An article in the Australian on Wednesday featured a report by the organisation China Matters. It called on Education Minister Simon Birmingham to “give a high-profile talk outlining the advantages and risks of having such a large cohort of international students from China in Australia.”
The board of directors of China Matters includes Jan Adams, the Australian government’s current ambassador to China, and Allan Gyngell, who was director general of the Office of National Assessments between 2009 and 2013, a key intelligence agency that reports directly to the prime minister’s office.
China Matters seized upon a series of hazy reports of disagreements between Chinese students and university lecturers, allegedly over how Chinese foreign policy is presented in classes. Despite the minor character of the disputes, the think-tank used it as the launching point to allege that there is a coordinated attempt by Chinese students to “stifle academic freedom.”
It menacingly declared that Chinese students were involved in “activities [that] contravene Australian societal values and academic principles. They also undermine Australian interests.” These, it claimed, included attempts to suppress criticism of the Chinese government and spying on other students.

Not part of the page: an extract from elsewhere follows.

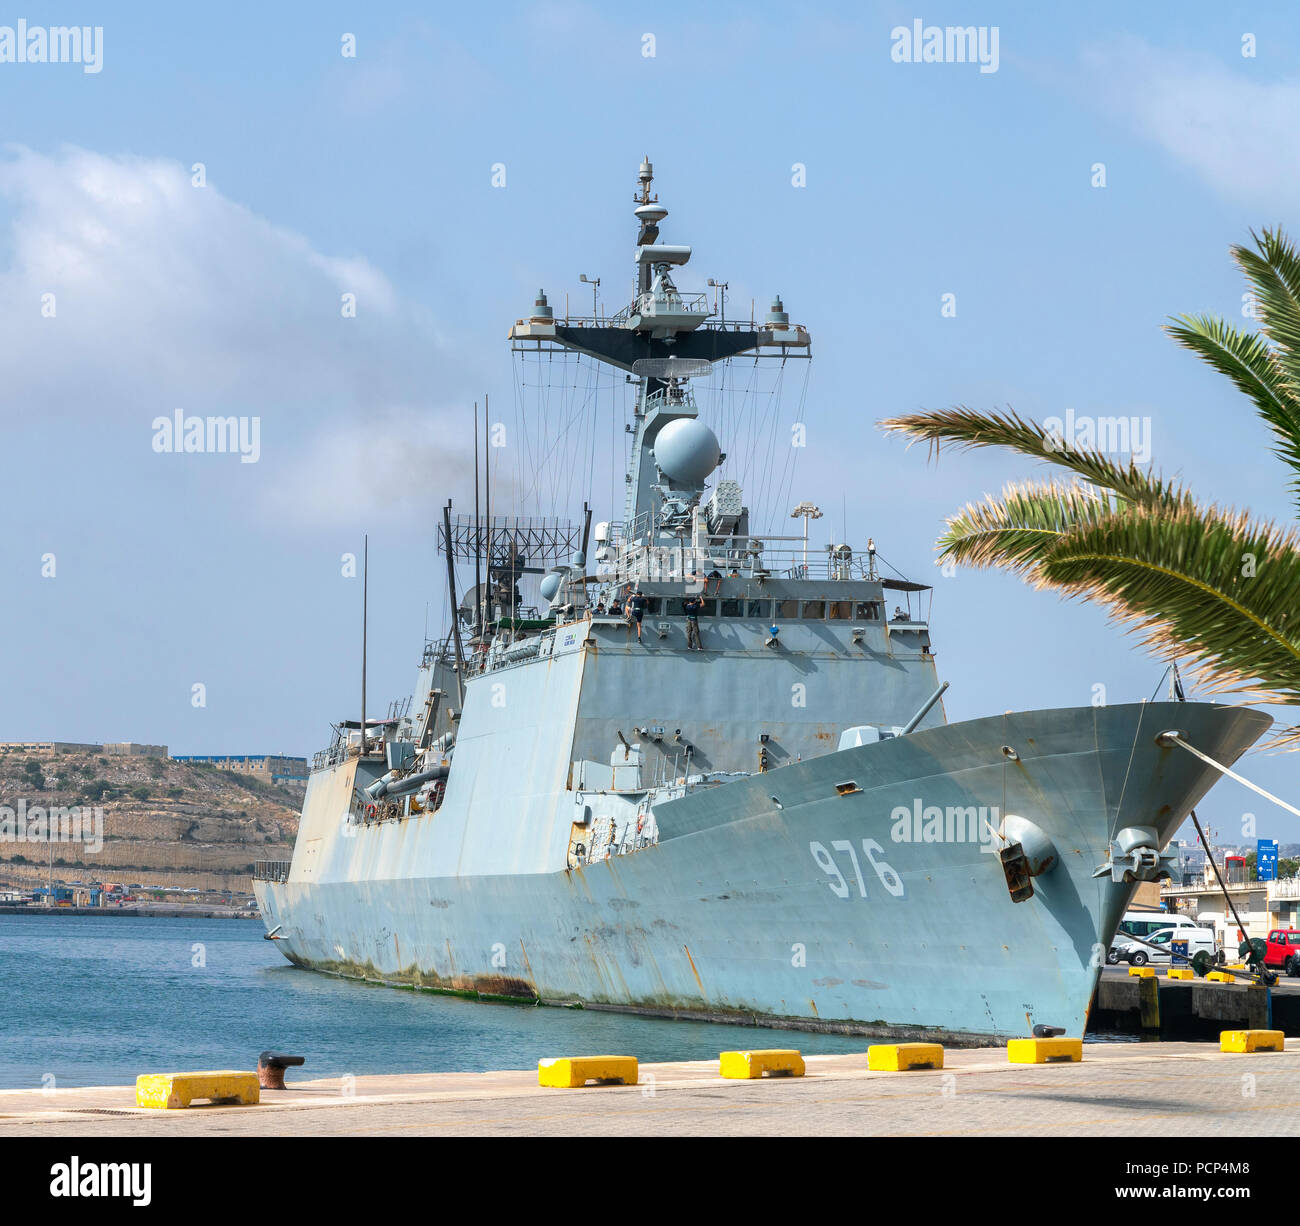 15 juillet 2018 - La Valette, Malte. République de Corée destroyer naval ship Munmu le Grand (DDH 976) amarré dans le Grand Port. Banque D'Images

These xenophobic and bullying allegations are part of a broader attempt to demonise the Chinese population. They are aimed at creating a political climate in which Australia can ever more directly participate in US-led military intrigues and wars in the Asia-Pacific, and drowning out mass anti-war sentiment.
The vilification of Chinese students is a warning that the advanced preparations for war will be accompanied by deepening attacks on democratic rights. In both world wars last century, Australian authorities ordered the mass internment of “enemy aliens.” Similar measures are being prepared in the event of a major conflict today.